Apicomplexans

Domain Eukarya
Kingdom Protista
Section Apicomplexans

All images courtesy of The Robert C. Byrd Health Sciences Center of West Virginia University Department of Microbiology and Immunity
Two organisms of Plasmodium, the apicomplexan genus that causes malaria

Plasmodium merozoites in the human liver (schizogony)

The apicomplexans are protozoans of the phylum Apicomplexa (also called Sporozoa). They are all parasitic, and thus do not have locomotor appendages, and also lack contractile vacuoles. It has recently been discovered that apicomplexans move (a sliding motion previously attributed to mucus secretion) by minute contractions of very small contractile fibrils. Apicomplexans can live in almost any animal, from a human to another apicomplexan. Some, including the species that cause malaria and coccidiosis, are pathogenic.

Apicomplexan cells are specialized as vertebrate parasites. At the apex of the cell, an apicomplexan contains a complex of organelles designed to penetrate specific host cells and tissue.

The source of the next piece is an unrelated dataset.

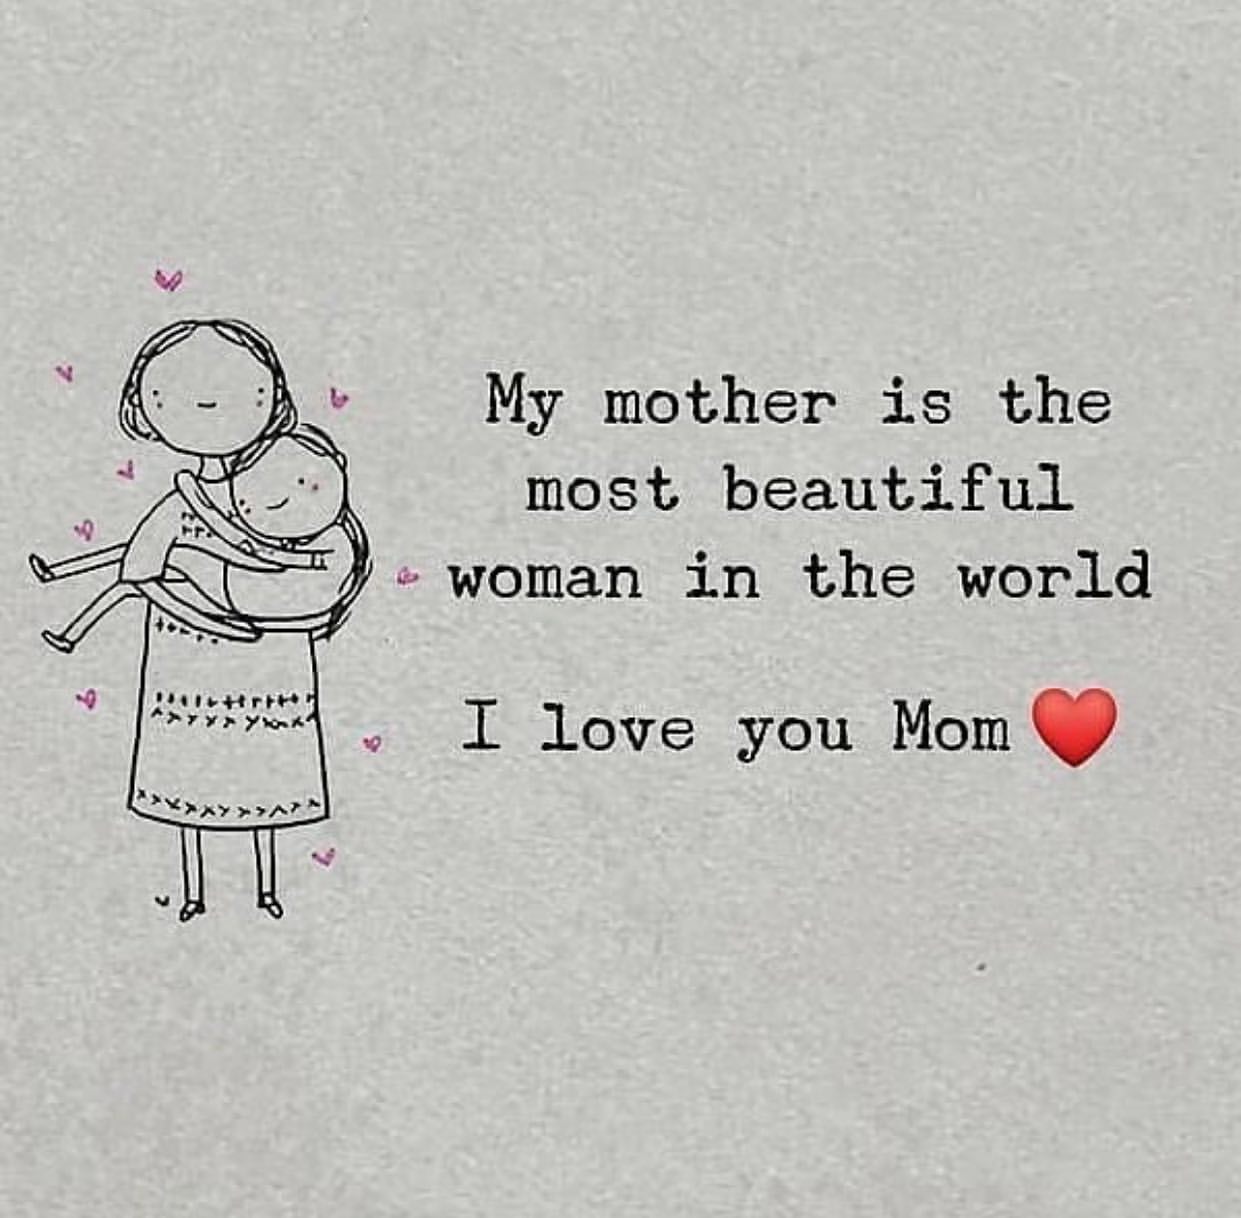 My mother is the most beautiful woman in the world. I love you Mom.

Apicomplexans feed through one of two processes: saprozoic nutrition, absorbing dissolved nutrients already ingested by the host, of eating the host cell themselves, or fluids of the host organism. The processes of respiration (gas exchange) and excretion of wastes are performed by diffusion directly across the plasma membrane. The apicomplexans can have an alternation of generations in their life cycles. Sexual reproduction usually comes directly before spore production, and asexual reproduction is by binary fission or multiple fission.